# WHAT IS BEING ASKED
Restate the data exactly as given and keep the pictures out.

# DATA BLOCK
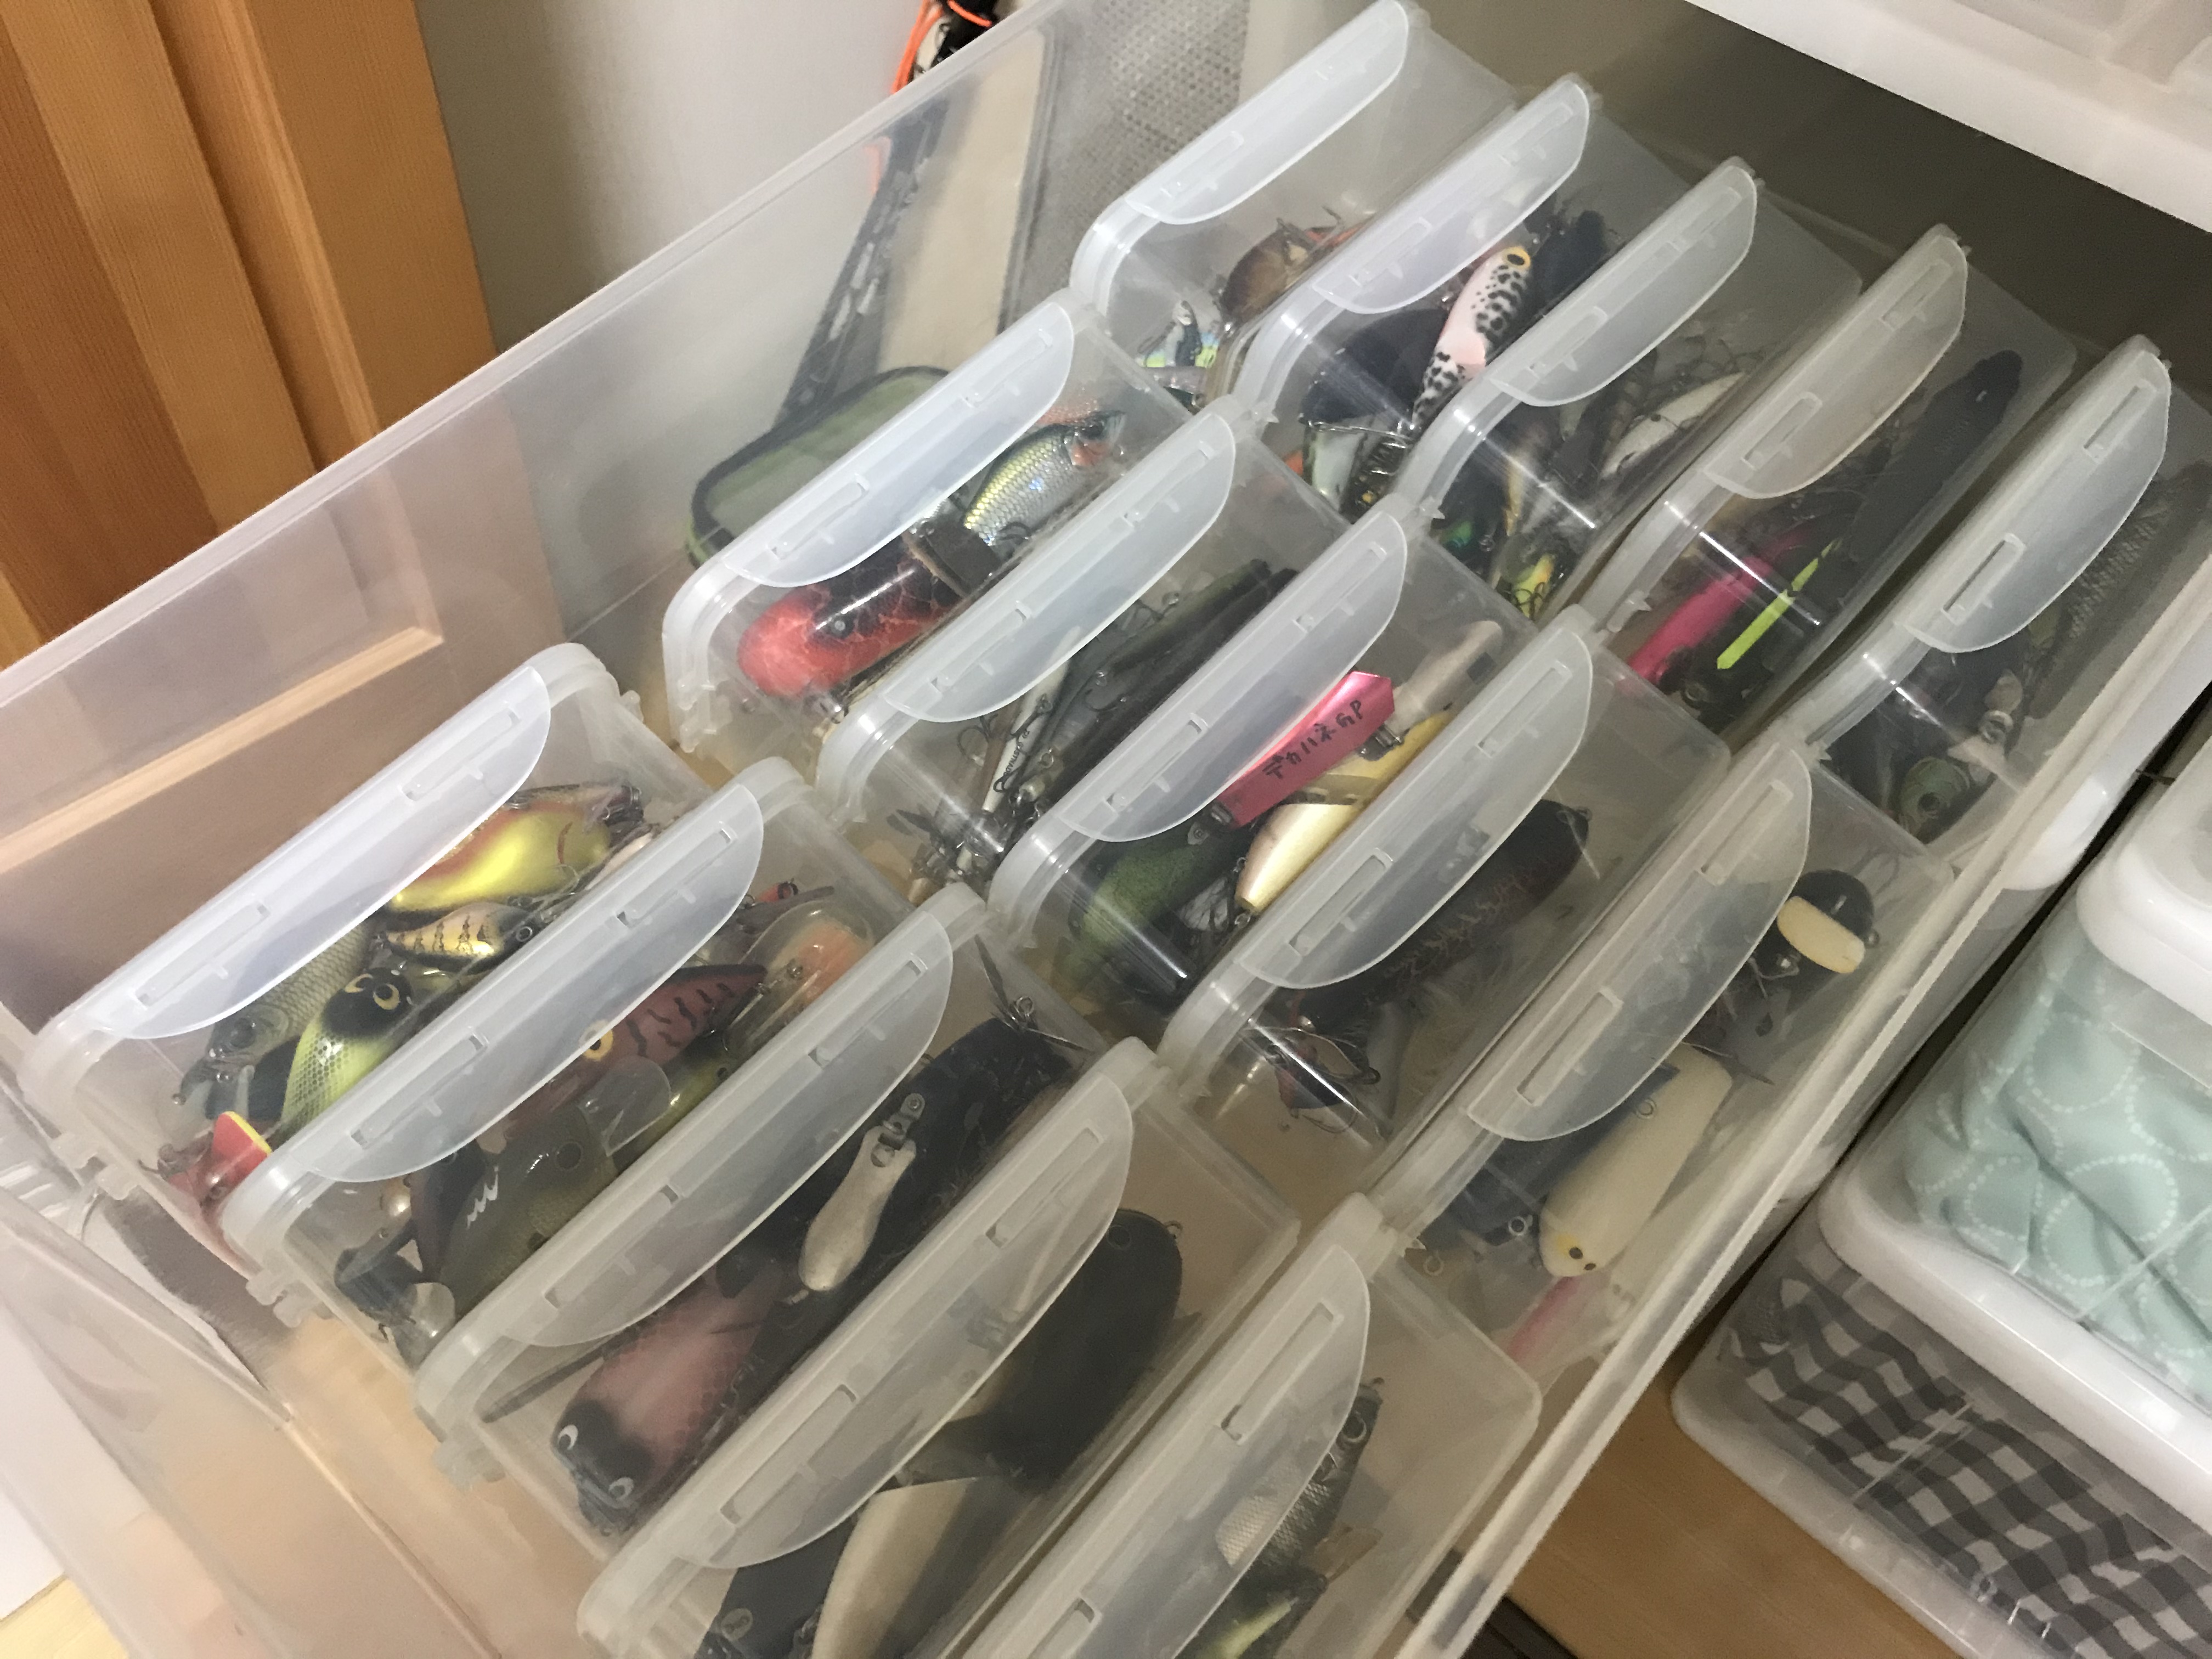 溢れる釣り道具 どう整理する 釣り具の整理整頓 収納方法を考える ナナブンノニブログ
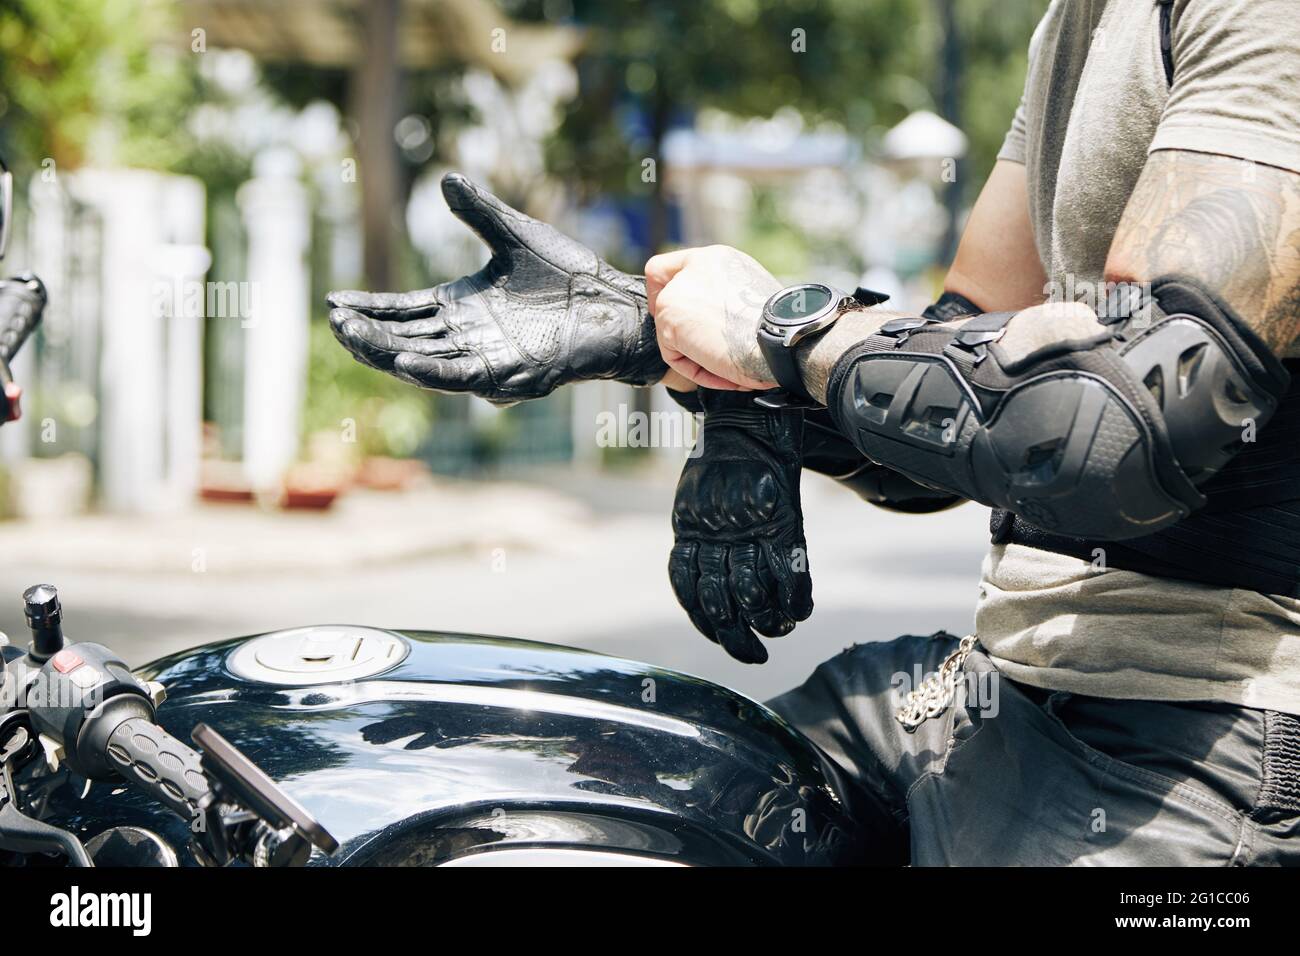 Hände von Motorradfahrern, die auf dem Fahrrad sitzen und Fahrausrüstung wie Unterarmschützer und Lederhandschuhe anziehen Stockfoto
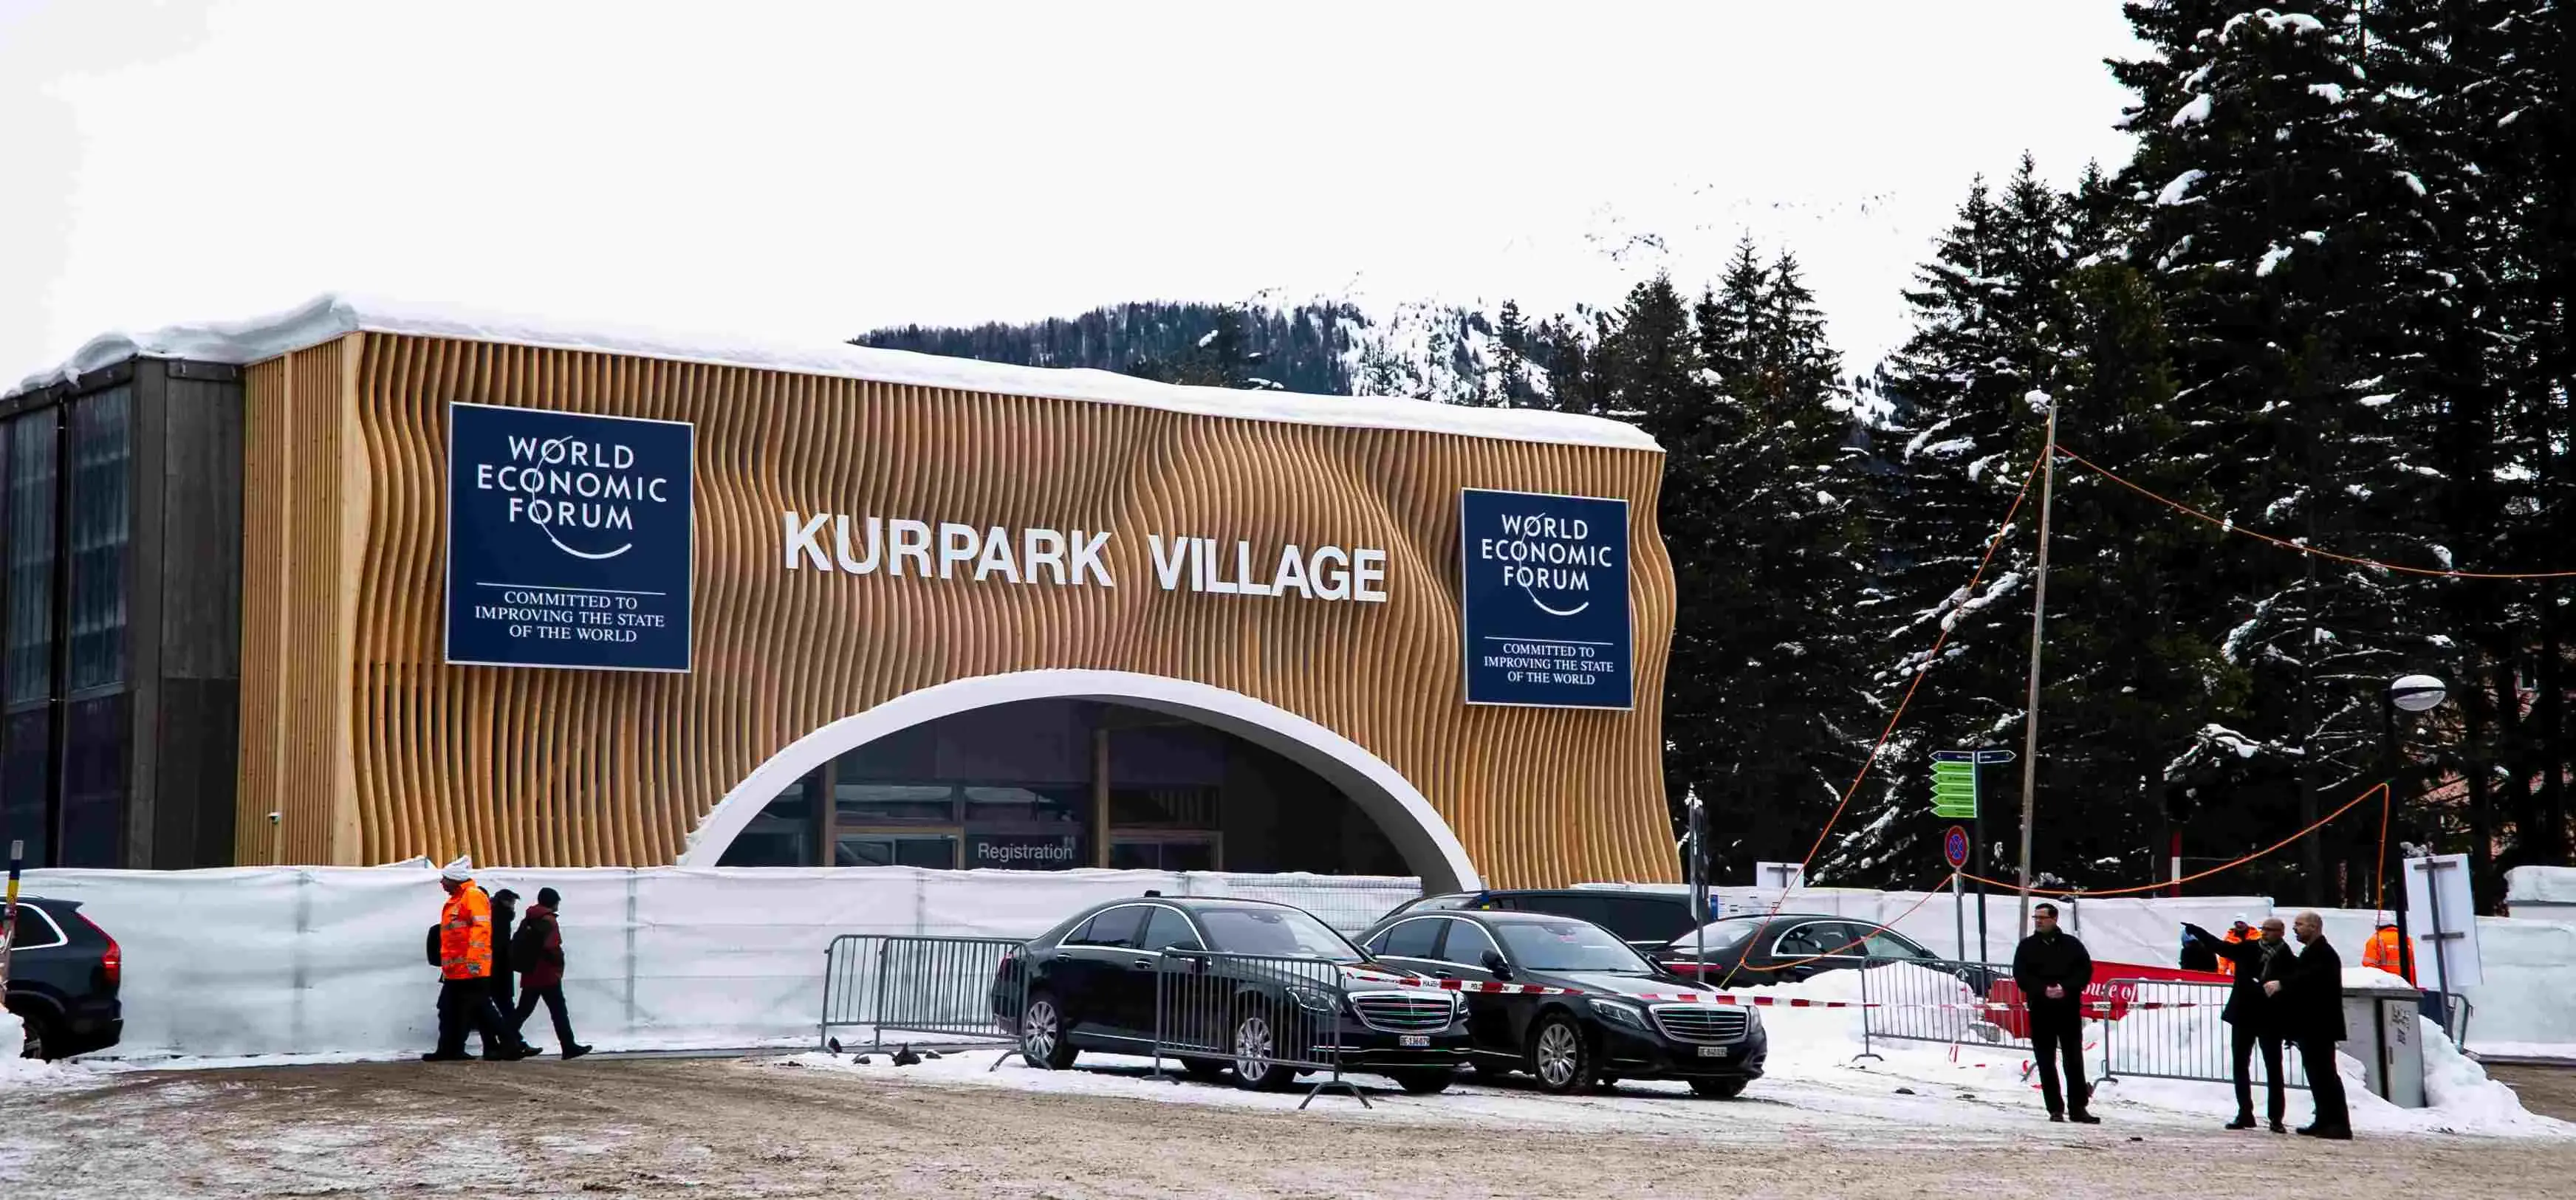 Entrada del Kurpark Village

# RESPONSE AREA
 溢れる釣り道具 どう整理する 釣り具の整理整頓 収納方法を考える ナナブンノニブログ
 Hände von Motorradfahrern, die auf dem Fahrrad sitzen und Fahrausrüstung wie Unterarmschützer und Lederhandschuhe anziehen Stockfoto
 Entrada del Kurpark Village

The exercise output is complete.